* The problem *
In the listing below, start your output at the line with "Earlier this week" and end it after the line with "Cutler and Gross, 9772", copying every line exactly.

○ ○ ○ ○ ○ ○ ○

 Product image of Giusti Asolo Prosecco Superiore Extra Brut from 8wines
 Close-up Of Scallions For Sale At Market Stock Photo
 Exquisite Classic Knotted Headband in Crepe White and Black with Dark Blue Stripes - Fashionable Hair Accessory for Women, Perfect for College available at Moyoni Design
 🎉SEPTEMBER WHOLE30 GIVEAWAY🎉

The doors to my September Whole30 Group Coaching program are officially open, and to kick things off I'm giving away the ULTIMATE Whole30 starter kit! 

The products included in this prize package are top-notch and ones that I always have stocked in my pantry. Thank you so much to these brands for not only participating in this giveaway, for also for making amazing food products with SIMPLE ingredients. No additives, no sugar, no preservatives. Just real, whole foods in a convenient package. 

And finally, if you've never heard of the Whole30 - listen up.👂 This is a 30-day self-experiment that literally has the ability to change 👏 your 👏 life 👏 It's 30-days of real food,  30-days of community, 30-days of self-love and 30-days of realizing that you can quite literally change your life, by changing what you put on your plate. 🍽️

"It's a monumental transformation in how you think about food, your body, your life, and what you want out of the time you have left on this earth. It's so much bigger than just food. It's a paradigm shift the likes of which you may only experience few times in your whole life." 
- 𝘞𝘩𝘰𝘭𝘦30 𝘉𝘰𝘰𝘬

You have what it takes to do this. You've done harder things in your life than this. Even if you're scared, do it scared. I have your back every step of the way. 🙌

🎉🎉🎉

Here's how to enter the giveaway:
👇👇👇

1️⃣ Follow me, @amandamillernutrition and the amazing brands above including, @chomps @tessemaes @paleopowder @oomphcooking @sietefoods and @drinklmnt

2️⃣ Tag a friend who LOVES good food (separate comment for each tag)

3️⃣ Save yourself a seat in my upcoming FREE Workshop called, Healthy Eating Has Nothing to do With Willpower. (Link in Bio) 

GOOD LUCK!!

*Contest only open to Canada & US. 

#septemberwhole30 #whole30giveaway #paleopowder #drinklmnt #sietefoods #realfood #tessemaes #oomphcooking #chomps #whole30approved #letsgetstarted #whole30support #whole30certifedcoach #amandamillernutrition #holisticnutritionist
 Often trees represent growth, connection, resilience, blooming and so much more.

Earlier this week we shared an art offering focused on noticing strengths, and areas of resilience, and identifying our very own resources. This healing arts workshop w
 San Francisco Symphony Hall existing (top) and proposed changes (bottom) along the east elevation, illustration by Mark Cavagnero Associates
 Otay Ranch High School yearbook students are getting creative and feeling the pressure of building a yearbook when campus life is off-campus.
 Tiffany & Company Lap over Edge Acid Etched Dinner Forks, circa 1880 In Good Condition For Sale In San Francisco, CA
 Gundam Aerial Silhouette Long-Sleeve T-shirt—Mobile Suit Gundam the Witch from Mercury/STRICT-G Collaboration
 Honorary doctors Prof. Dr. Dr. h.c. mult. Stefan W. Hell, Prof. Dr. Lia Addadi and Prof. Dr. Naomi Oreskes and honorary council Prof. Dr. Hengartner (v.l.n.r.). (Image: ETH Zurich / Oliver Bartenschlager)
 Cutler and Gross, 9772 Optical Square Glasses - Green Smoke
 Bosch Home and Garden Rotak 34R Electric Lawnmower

○ ○ ○ ○ ○ ○ ○

* Your response *
Earlier this week we shared an art offering focused on noticing strengths, and areas of resilience, and identifying our very own resources. This healing arts workshop w
 San Francisco Symphony Hall existing (top) and proposed changes (bottom) along the east elevation, illustration by Mark Cavagnero Associates
 Otay Ranch High School yearbook students are getting creative and feeling the pressure of building a yearbook when campus life is off-campus.
 Tiffany & Company Lap over Edge Acid Etched Dinner Forks, circa 1880 In Good Condition For Sale In San Francisco, CA
 Gundam Aerial Silhouette Long-Sleeve T-shirt—Mobile Suit Gundam the Witch from Mercury/STRICT-G Collaboration
 Honorary doctors Prof. Dr. Dr. h.c. mult. Stefan W. Hell, Prof. Dr. Lia Addadi and Prof. Dr. Naomi Oreskes and honorary council Prof. Dr. Hengartner (v.l.n.r.). (Image: ETH Zurich / Oliver Bartenschlager)
 Cutler and Gross, 9772 Optical Square Glasses - Green Smoke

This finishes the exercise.